The issue percolated at the 2018 MBA IMB Conference in Amelia Island, Fla. During a roundtable discussion, Bayer ask if any other participants were having problems involving revenue and costs with their state bond programs.

Jeff Brader, Regional Vice President with Union Home Mortgage, Westerville, Ohio, and former President of the Ohio Mortgage Bankers Association, offered that they'd experienced a similar problem and had worked with the State of Ohio to find a satisfactory solution. "I met with Jeff afterward to brainstorm," Bayer said. "We discussed some specifics and strategies about how they got it to work in Ohio, and I was determined to try it in Missouri."

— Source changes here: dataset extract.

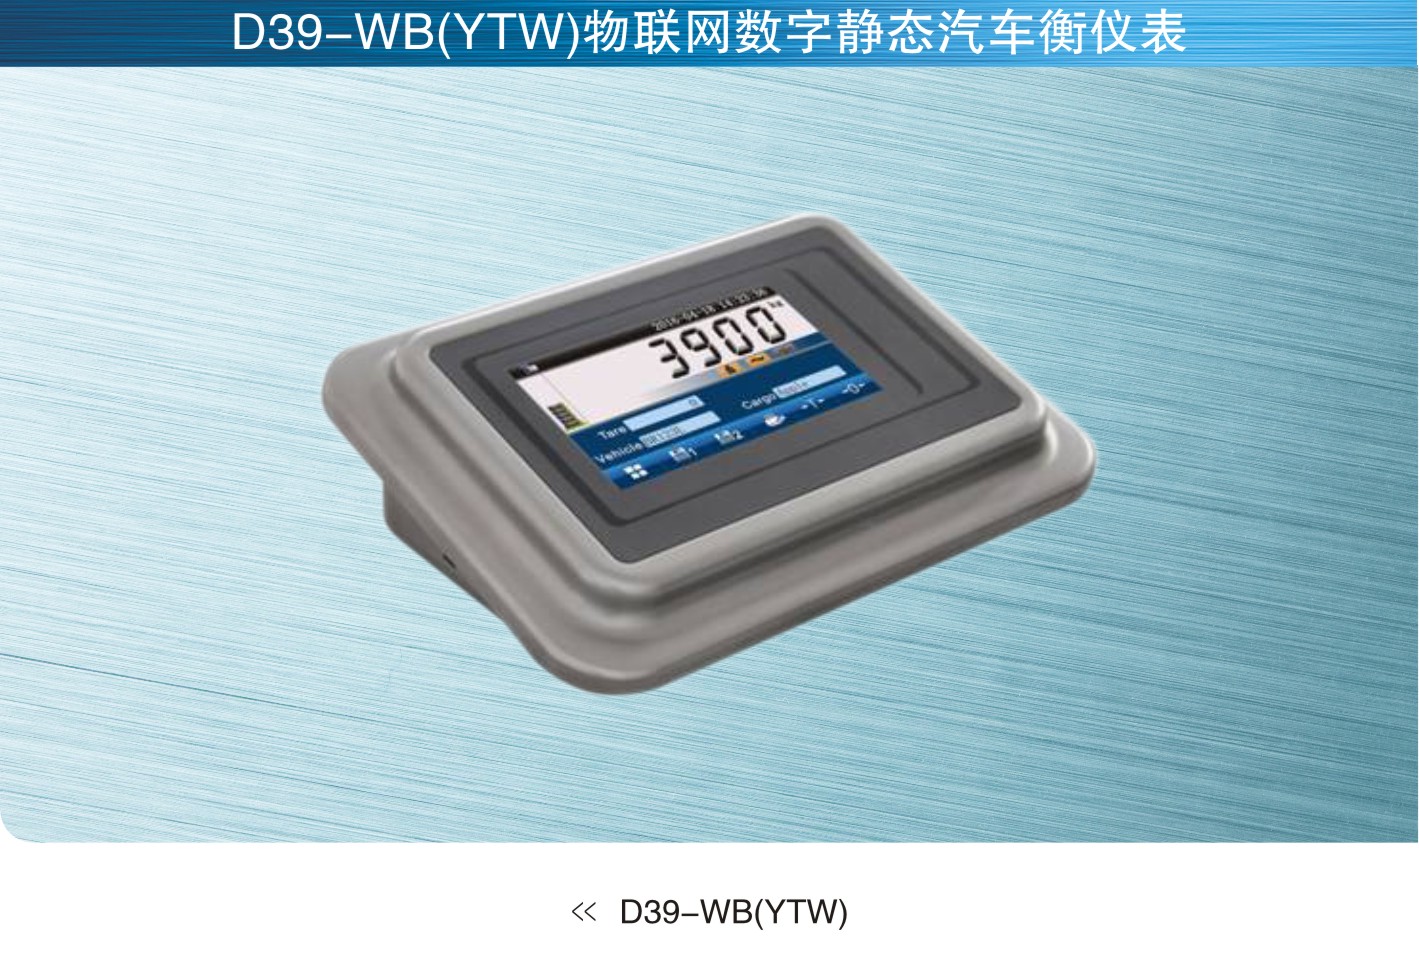 柯力keli D39-WB(YTW)物联网汽车衡仪表

At the time, Bayer was President of the St. Louis MBA (the second-oldest MBA in the country). "At the next board meeting I went after this," he said. "The board agreed to try it. I worked with our lobbyist, Doug Nelson of Lathrop Gage, and took it to the state MBA and got their buy-in as well; they agreed to back us.

The next step was a meeting with representatives of the MHDC; Bayer was joined at the meeting with several St. Louis MBA Missouri MBA member companies. "The Commission heard our concerns and were receptive," he said.

At the Commission's request, and to bolster its case, the St. Louis MBA reached out to MBAs in bordering states, asking for comparative data. Seven states and several local MBAs responded; as a result, Bayer learned that of the eight states, Missouri ranked seventh in bond revenues--proof that lenders in the state were at a disadvantage.

"We offered the Commission suggestions to improve revenues for both MHDC and the participating lenders and get a better reception," Bayer said. "We argued that it would give them more business, not us."

The Commission was willing to be accommodating, but it requested more data, based on business at the lender level. That's when Bayer turned to the national MBA in Washington. "Marina Walsh [MBA Vice President of Industry Analysis] provided the information we needed in four hours," he said. "It was great--they pulled a rabbit out of the hat. They were wonderful!"

As a result, Bayer said, the Commission increased overall compensation by nearly a point and eased guidelines for lenders. Additionally, the Commission is working with the state's master servicer, based in Alabama, to reduce approval times, easing burdens for both lenders and program applicants.

The programs are definitely more consumer-friendly, Bayer said. Starting in 2019 MHDC will no longer require tax returns for any of its programs. In lieu of tax returns the lenders will sign the new lender certificate (form #520) that will state that the lender has reviewed the credit reports from all three credit bureaus and has verified that no report has any indication the borrower has incurred indebtedness to a principal residence within the past three years. Additionally, MHDC will no longer have to count the income from any non-borrowing person other than a spouse. This means boyfriends or girlfriends not on the loan will not be counted as part of the household nor will we count their income for maximum income limits. However, a spouse living in the home will be counted as well as their income even if they are being left off the loan. Only biological children or adopted children of the borrower can be counted as a household member when counting number of persons in the house.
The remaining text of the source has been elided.